European Union office building in Brussels, Belgium

The Kortenberg building is an office building of the European Union (EU) in Brussels, Belgium. It houses mostly bodies related to the Common Security and Defence Policy (CSDP).

==History==
The building was constructed in 1977 for an insurance company. That use of the building started after the establishment of the European Security and Defence Policy (ESDP), the precursor of the Common Security and Defence Policy, in the early 2000s under the auspices of High Representative Javier Solana, who stated on several occasions the need to build a "strong in-house strategic culture". Before, during the decade of the 90s and the late 80s, the building was used by the DG IV of the European Commission (Competition).

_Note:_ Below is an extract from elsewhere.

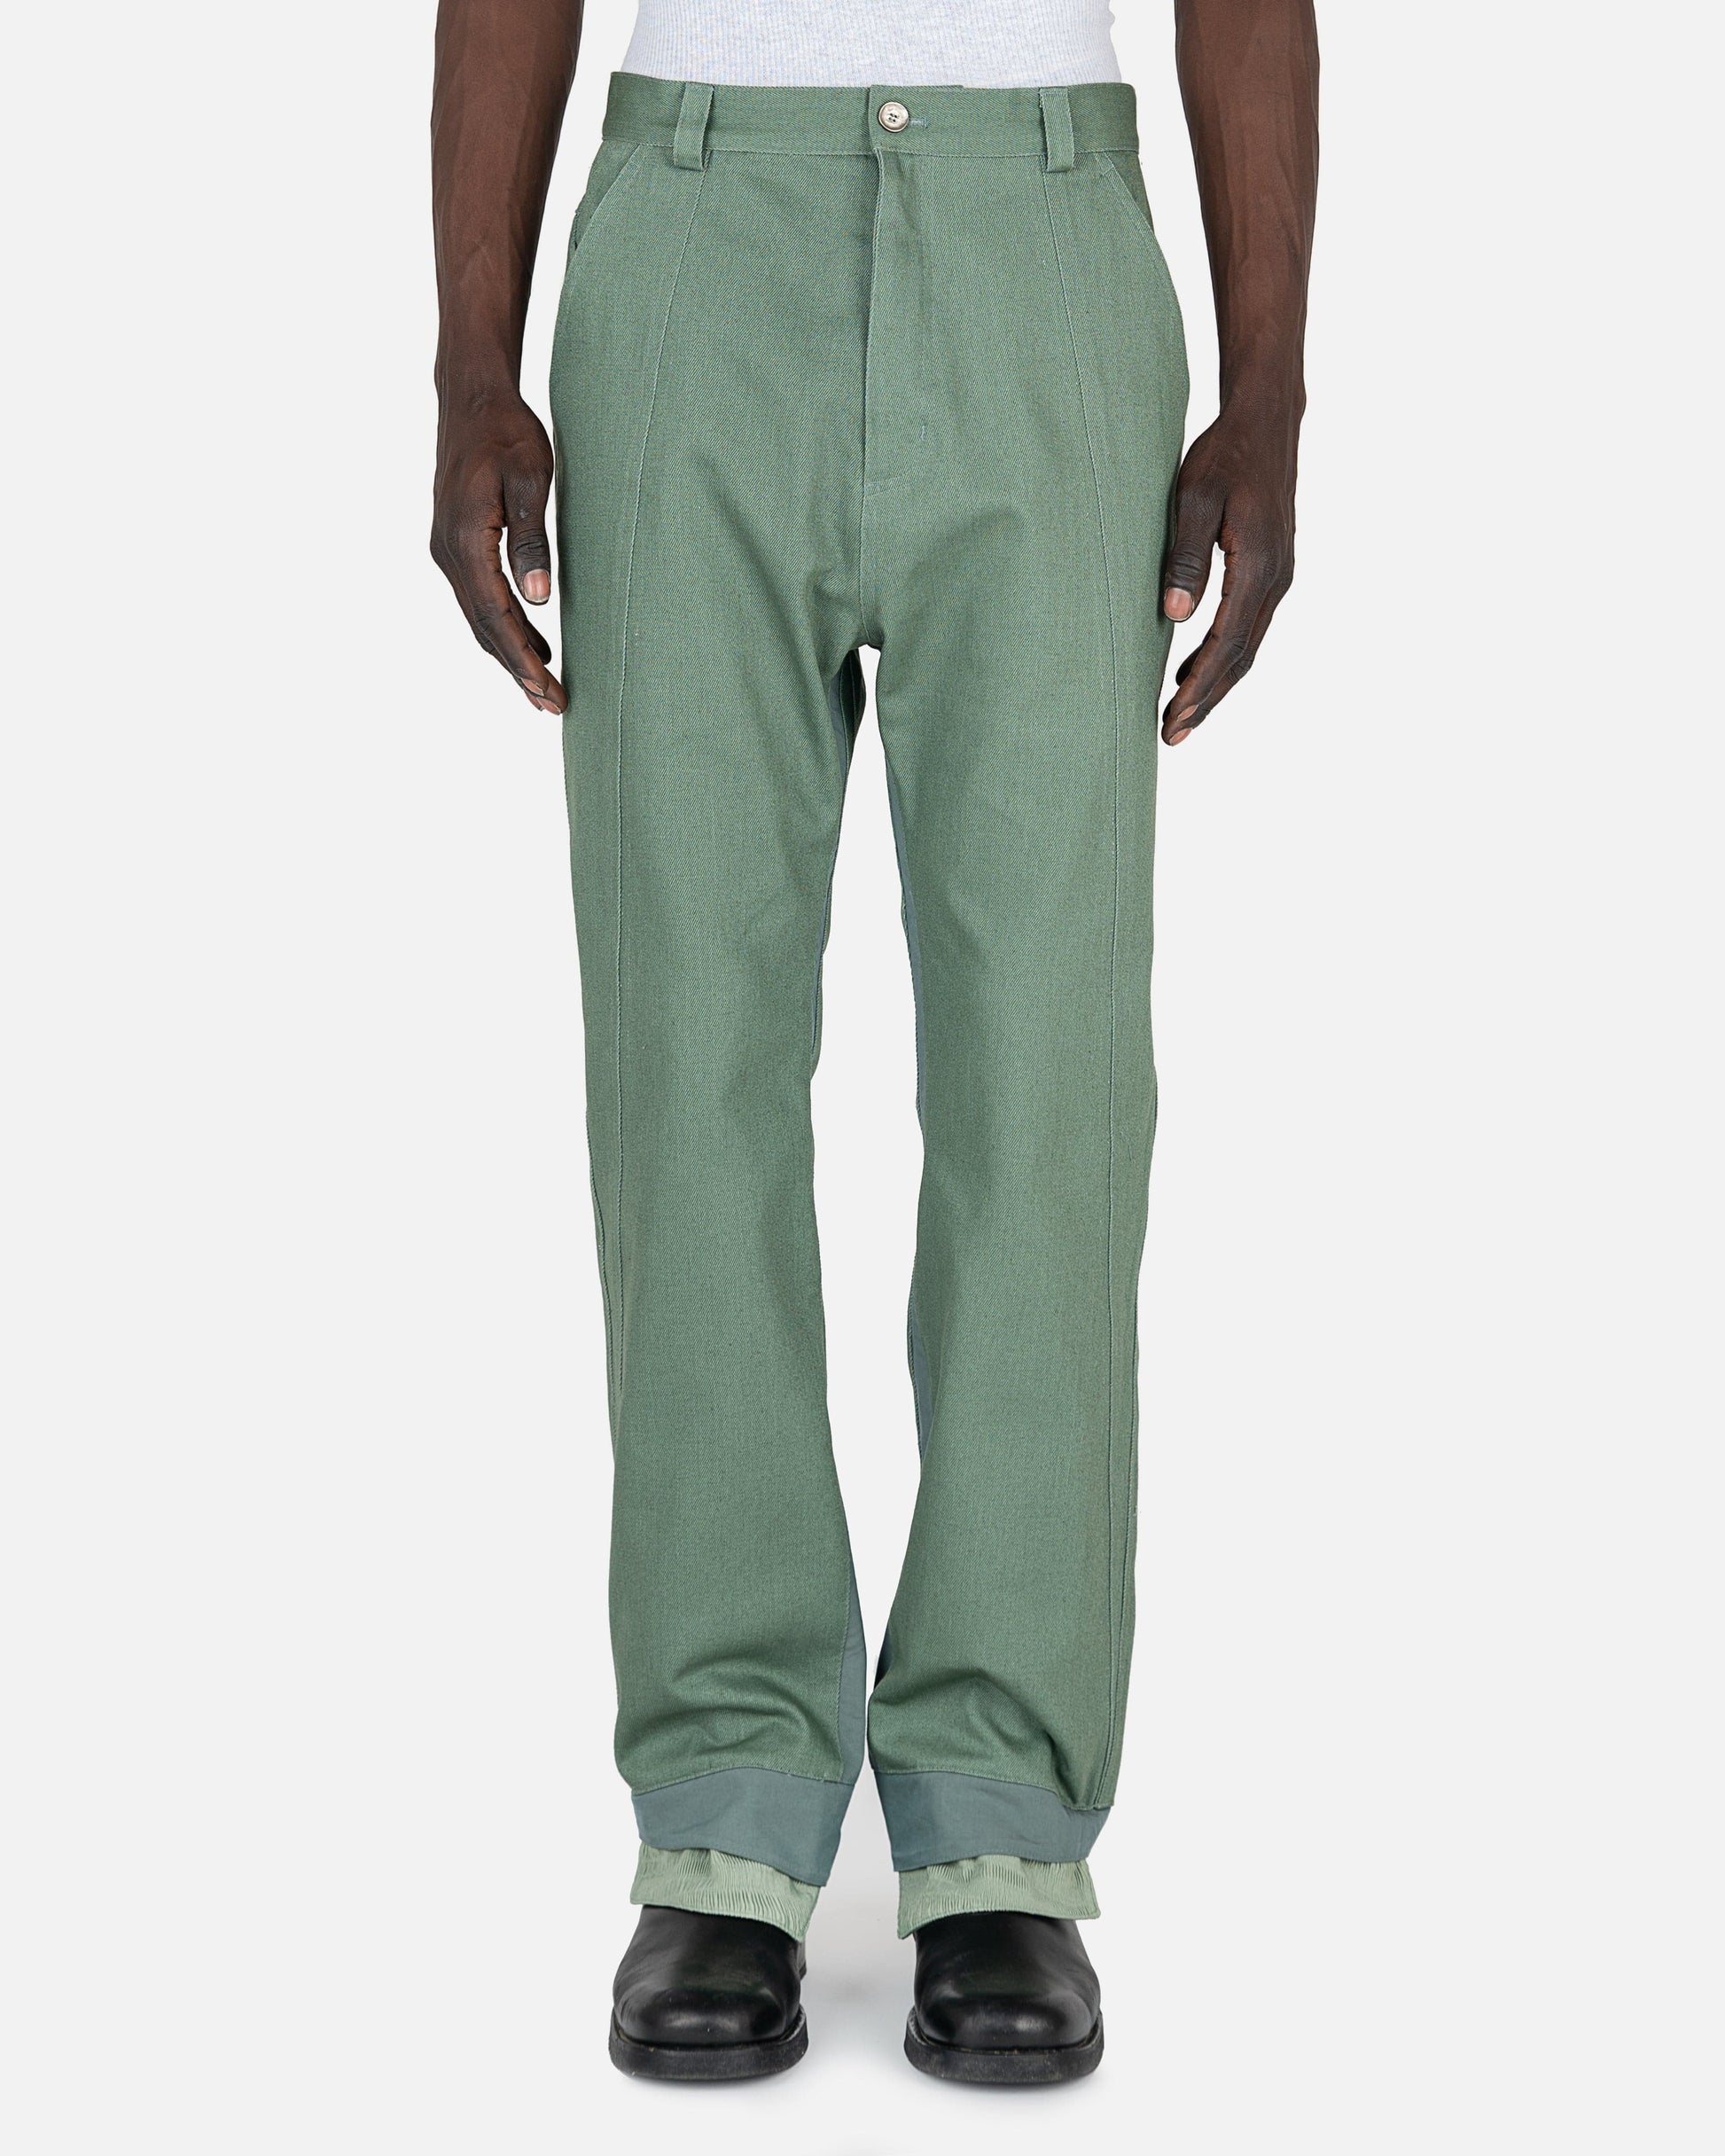 Green Ep. SVRN – 2 04 in Trousers

Most of the newly-established European External Action Service (EEAS) has been in the Triangle building, at the Robert Schuman Roundabout, since 2012, but for security reasons, CSDP departments have been unable to move to the building, which is 500 m away.

==Architecture==
The postmodern L-shaped building was designed by the architectural firm ARCHI + I. It is located at the corner of the Rue Le Titien/Titiaanstraat. Towards the Avenue de Cortenbergh/Kortenberglaan, there are eight floors, the last of which is set back; towards the Rue Le Titien, four floors are surmounted by the glass roof of the auditorium. Windows with aluminum frames forming a glass base on the first two levels; then going up level by level in a staircase to reach the top of the building on the Rue Le Titien side; the glass roof then describes a slope up to the height of the neighboring houses.

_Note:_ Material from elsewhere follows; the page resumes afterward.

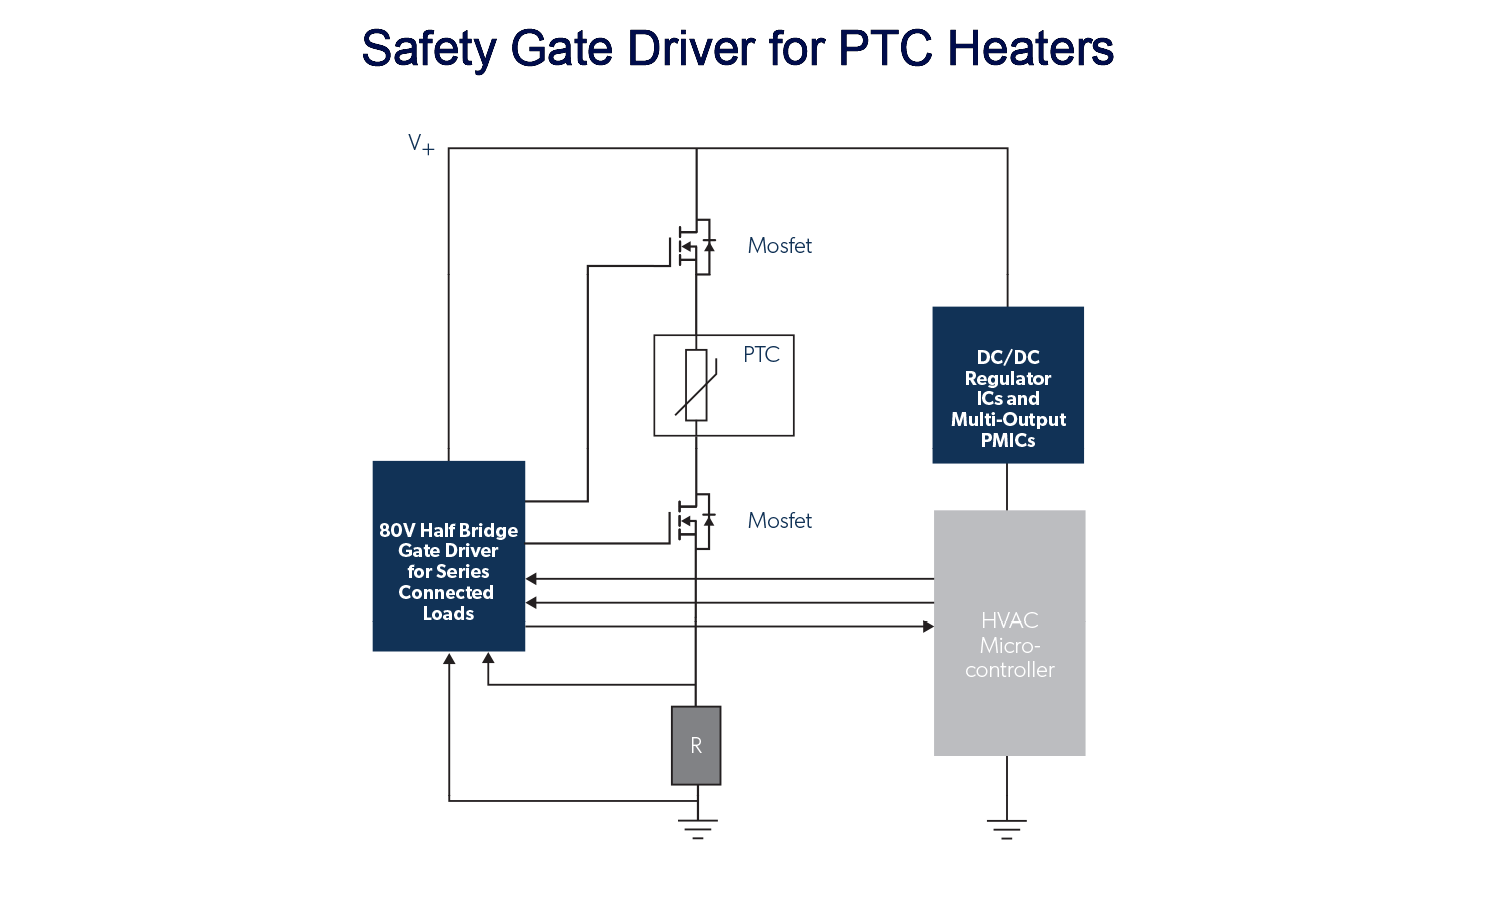 Safety Gate Drivers for PTC Heaters

The rest of the façades are in red Indian granite: granite of the base and the blind bay towards the Rue Le Titien unpolished; disc patterns under the unpolished windows also. Entrance of modest size between two colossal stainless steel columns rising to the full height of the building and appearing to cross the granite blocks. Rear façade alternating bands of red and brown bricks.

The interior consists of modest offices around central corridors and an indoor garden.

==CSDP tenants==
Part of the European External Action Service (EEAS):
- European Union Military Staff (EUMS), including its Military Planning and Conduct Capability (MPCC)
- Civilian Planning and Conduct Capability (CPCC)
- Joint Support Coordination Cell (JSCC)
- Crisis Management and Planning Directorate (CMPD)

CSDP agencies outside the EEAS:
- European Defence Agency (EDA)
- European Union Satellite Centre (SatCen)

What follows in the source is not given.